Leionema scopulinum

Scientific classification
- Kingdom: Plantae
- Clade: Tracheophytes
- Clade: Angiosperms
- Clade: Eudicots
- Clade: Rosids
- Order: Sapindales
- Family: Rutaceae
- Genus: Leionema
- Species: L. scopulinum
- Binomial name: Leionema scopulinum B.M.Horton & Crayn

= Leionema scopulinum =

- Genus: Leionema
- Species: scopulinum
- Authority: B.M.Horton & Crayn

Species of shrub

Leionema scopulinum, is an upright shrub with glossy, dark green, narrow leaves and yellow flowers from autumn to spring. It is found in the Wollemi National Park in New South Wales.

==Description==
Leionema scopulinum is an erect shrub to 0.5-3 m high, angular branchlets and occasional or densely covered in star-shaped hairs. The mostly smooth leaves are narrowly elliptic to slightly lance shaped, tapering to the stalk, 24-65 mm long, 4.5-10 mm wide, smooth to minute teeth on the edges, notched or rounded at the apex, dark green and glossy on the upperside and duller underneath.
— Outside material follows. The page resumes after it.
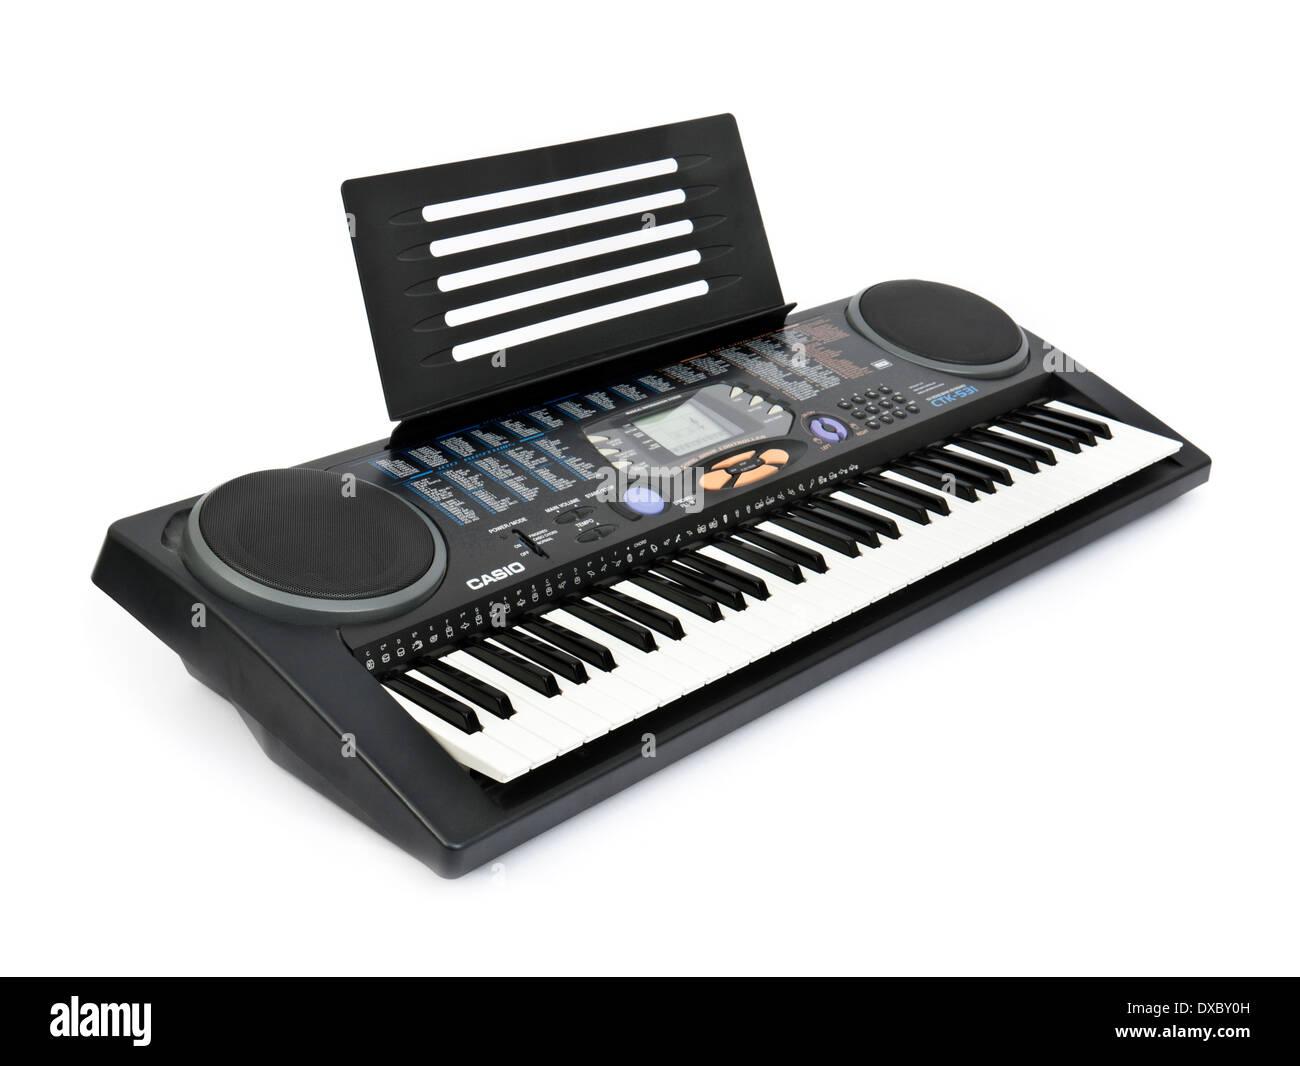 Casio CTK-531 portable MIDI electronic keyboard from 2008 - Stock Image

The inflorescence consists of a cluster of 9-32 flowers at the end of branches, the pedicels 3.5-8 mm long with star-shaped hairs, bracteoles about 0.5 mm long and grow near the centre of the pedicel. The triangular shaped sepals are 1-1.5 mm long with smooth to star-shaped hairs. The yellow to greenish-yellow petals are upright, lance to elliptic shaped, 5-8 mm long, smooth and stamens twice the length of the petals. The fruit are a capsule, each segment 5.5-7 mm high ending with a beak 1.5-3 mm long. Flowering occurs from April to September.

==Taxonomy==
This species was first formally described in 2004 by Bryony M. Horton and Darren M. Crayn and the description was published in the journal Telopea.

==Distribution and habitat==
Leionema scopulinum has a restricted distribution only found in the Wollemi National Park in New South Wales growing in heath and woodland in shallow sandy soils.